The presence in both frogs and terrestrial salamanders of a special mechanism involving the opercularis muscle and an operculum cut out in identical fashion from the wall of the otic capsule behind the stapes seems to require some other explanation than that of a chance convergence or parallelism. Although the stapes and otic region are readily visible in a number of labyrinthodonts and lepospondyls, no indication of an operculum seems to be reported among them. But in the Triassic Protobatrachus (Fig. 1), which is unmistakably a frog in its skull, pelvis and some other features, Piveteau (1937) has shown, immediately behind the foot of the stapes, a small bony tubercle, which he and Watson (1940) designated opisthotic. Very clearly it served for insertion of a muscle, and it is equally clear that the bone is a reduced opisthotic, carrying the paroccipital process already mentioned as characteristic of it in some temnospondyls.
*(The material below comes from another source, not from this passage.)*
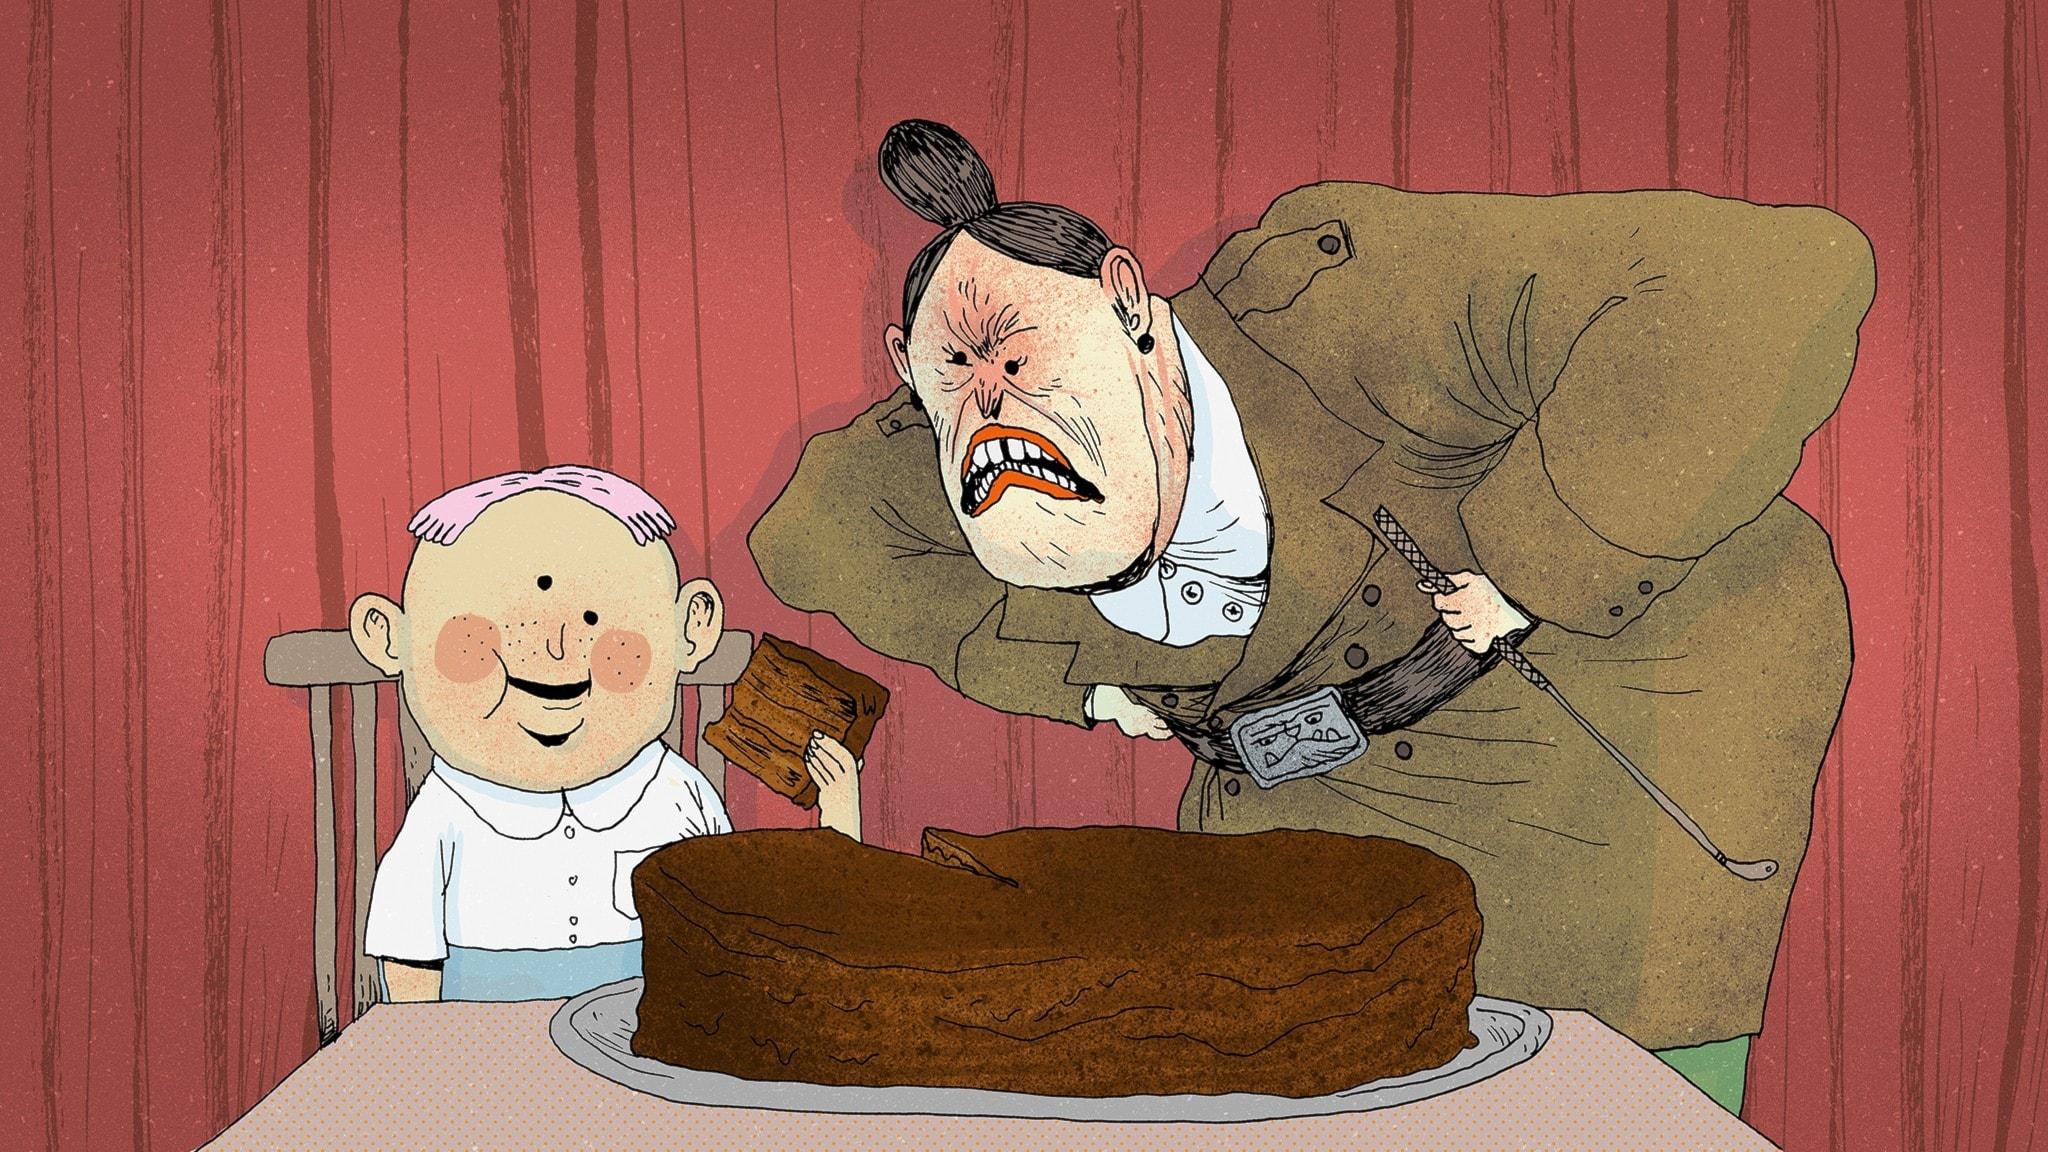 Rektor Domderasson böjer sig ner mot en pojke som sitter vid ett bord där det står en enorm chokladkaka. Hon ser arg ut. Bild: Erik Svetoft

Since the remainder of the posterior wall of the otic capsule consists of cartilage, meeting the exoccipital, it may be that the opisthotic becomes the operculum in frogs. Protobatrachus was too far specialized in the Anuran direction, although it still had a tail, and the forelegs and hind legs were nearly the same size, to be considered a possible ancestor of the Urodeles. But at one stage in the general reduction of the skull in the ancestry of both groups, a condition similar to that in Protobatrachus may have characterized the otic region, long before the Triassic.

In the argument thus far we have considered terrestrial, adult amphibians, since it is only in these that either the normal middle ear and tympanum, or the opercular apparatus, is present. But among the urodeles several neotenic types occur (this term applies also to the perennibranchs). For most of these there is nothing about the otic region that would be inconsistent with derivation, by neoteny, from known families in which adults are terrestrial; for example, Cryptobranchus could have had a Hynobiid-like ancestor. But this, as mentioned above, does not hold for the Proteidae, which possess an opisthotic of relatively large size, distinctly separate from the exoccipital and prootic. Either this bone is a neomorph, which seems improbable, or there has not been in the ancestry of this particular family an episode of reduction comparable to that seen in the terrestrial families, where there is an operculum instead of a normal opisthotic. Therefore the Proteidae probably are not derived from the general stem of other salamanders, but diverged sufficiently long ago that the bones of the otic region were reduced on a different pattern. They need not be removed from the order, but, in this respect, recognized as more primitive than any other existing Urodela or Anura. A recent paper by Hecht (1957) discusses many features of Necturus and Proteus, and shows that they are remote from each other; his evidence does not seem to prove, however, that they were of independent origin or that they need be placed in separate families.